Why Matchy Exists
The Problem
Many applications need to match IP addresses and strings against large datasets. Common use cases include:
- Threat intelligence: checking IPs and domains against blocklists
- GeoIP lookups: finding location data for IP addresses
- Domain categorization: classifying websites by patterns
- Network security: matching against indicators of compromise
Traditional approaches have significant limitations:
Hash tables provide fast exact lookups, but can't match patterns. You can't use a hash
table to match phishing.evil.com
against a pattern like *.evil.com
.
Sequential scanning works for patterns but doesn't scale. With 10,000 patterns, you perform 10,000 comparisons per lookup. This approach quickly becomes a bottleneck.
Multiple data structures add complexity. Using a hash table for exact matches, a tree for IP ranges, and pattern matching for domains means maintaining three separate systems.
Serialization overhead slows down loading. Traditional databases need to parse and deserialize data on startup, which can take hundreds of milliseconds or more.
Memory duplication wastes resources. In multi-process applications, each process loads its own copy of the database, multiplying memory usage.
The Solution
Matchy addresses these problems with a unified approach:
Automatic type detection means one database holds IPs, CIDR ranges, exact strings, and patterns. You don't need to know which type you're querying - Matchy figures it out.
Optimized data structures provide efficient lookups for each type. IPs use a binary search tree. Exact strings use hash tables. Patterns use the Aho-Corasick algorithm.
Memory mapping eliminates deserialization. Databases are memory-mapped files that load in under a millisecond. The operating system shares pages across processes automatically.

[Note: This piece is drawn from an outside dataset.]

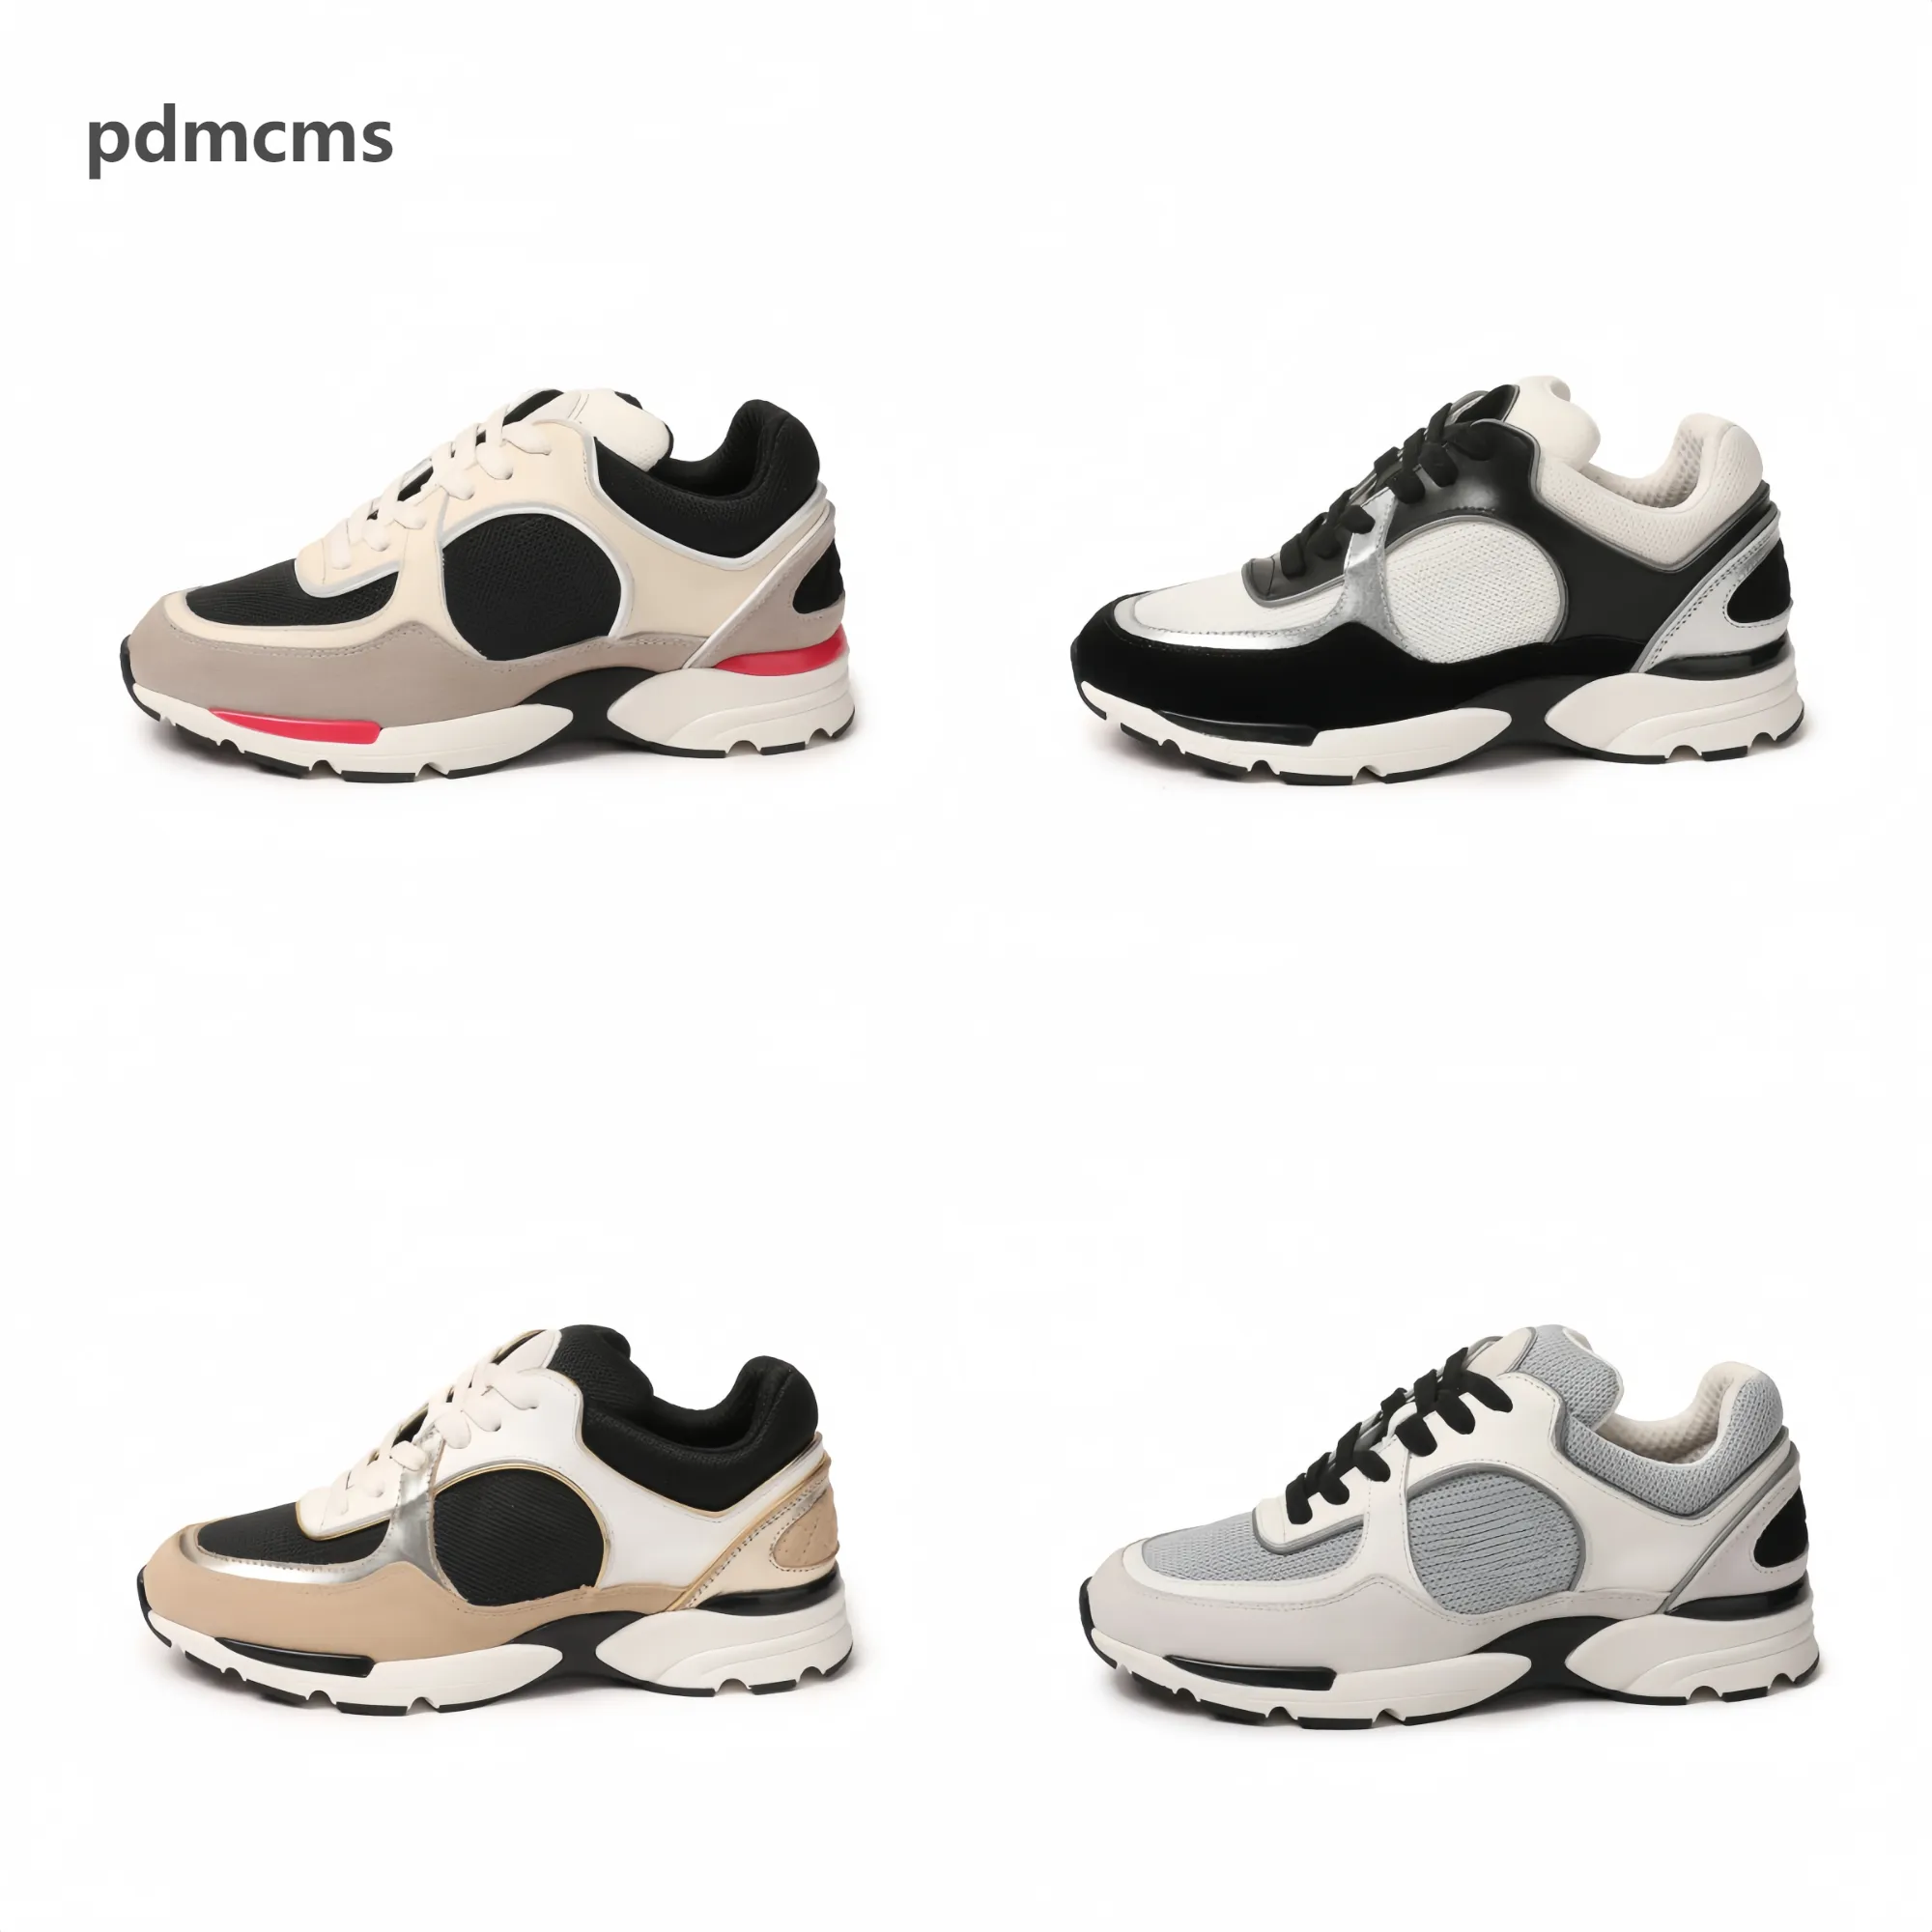 PDMCMS Wygodne i oddychające swobodne buty sportowe zaprojektowane dla mężczyzn i kobiet, pozwalając stóp cieszyć się wolnością i modą35-45
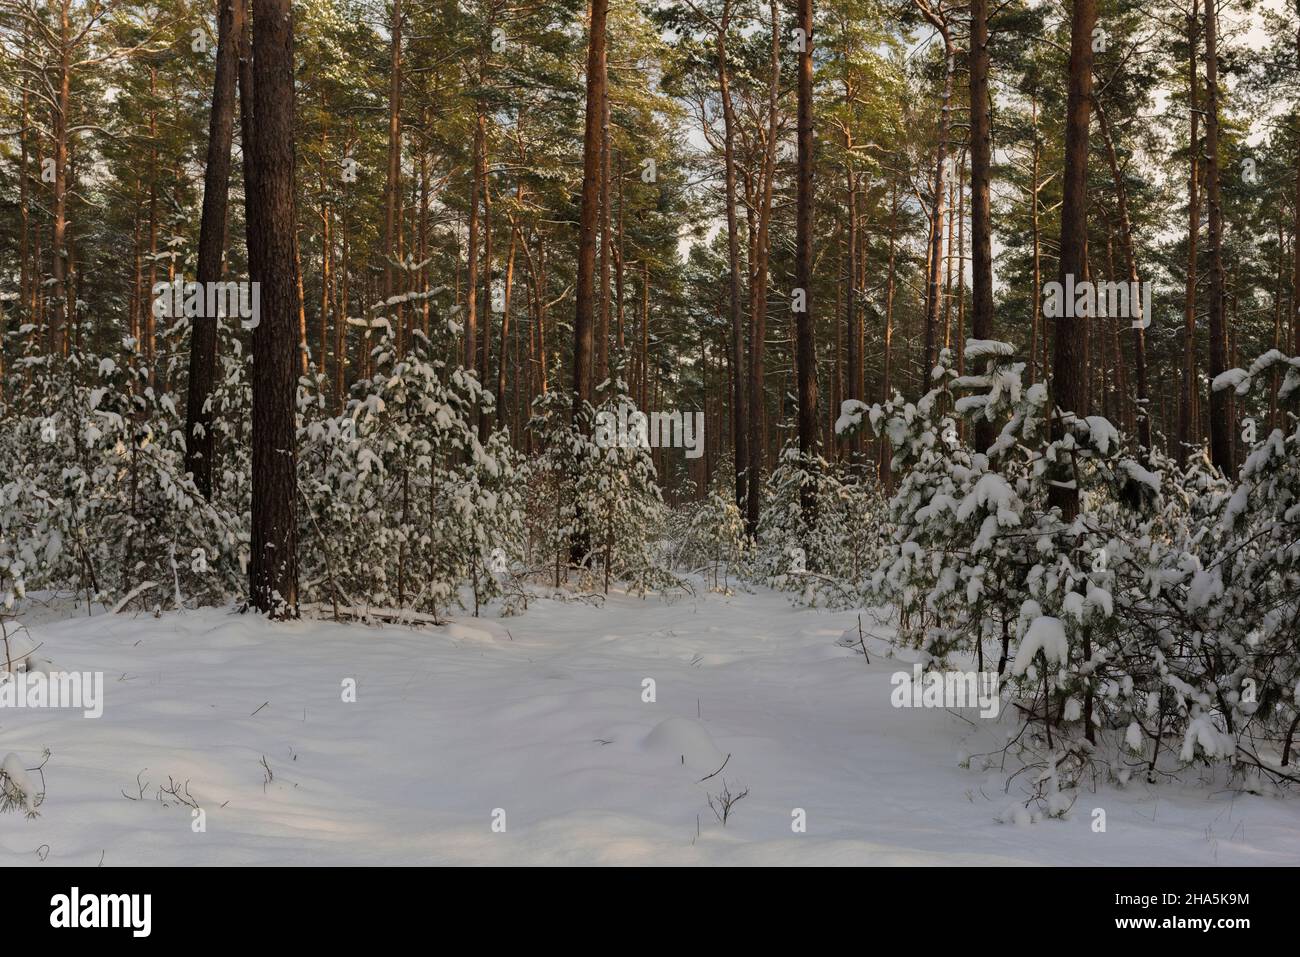 forêt de pins enneigés en hiver, plancher forestier et arbres couverts de neige, jeunes pins sous les vieux arbres Banque D'Images

Compact binary format reduces size. Matchy uses a space-efficient binary representation similar to MaxMind's MMDB format.
Performance
A typical Matchy database can perform:
- 7M+ IP address lookups per second
- 1M+ pattern matches per second (with 50,000 patterns)
- Sub-microsecond latency for individual queries
- Sub-millisecond loading time
Compatibility
Matchy can read standard MaxMind MMDB files, making it a drop-in replacement for GeoIP databases. It extends the MMDB format to support string matching and patterns while maintaining compatibility with existing files.
When to Use Matchy
Matchy is designed for applications that need:
- Fast lookups against large datasets
- Pattern matching in addition to exact matches
- IP address and string matching in the same database
- Minimal memory overhead in multi-process architectures
- Quick database loading without deserialization
If you only need exact string matching and already have a solution that works, Matchy might be overkill. But if you need patterns, IPs, and efficiency at scale, Matchy was built for you.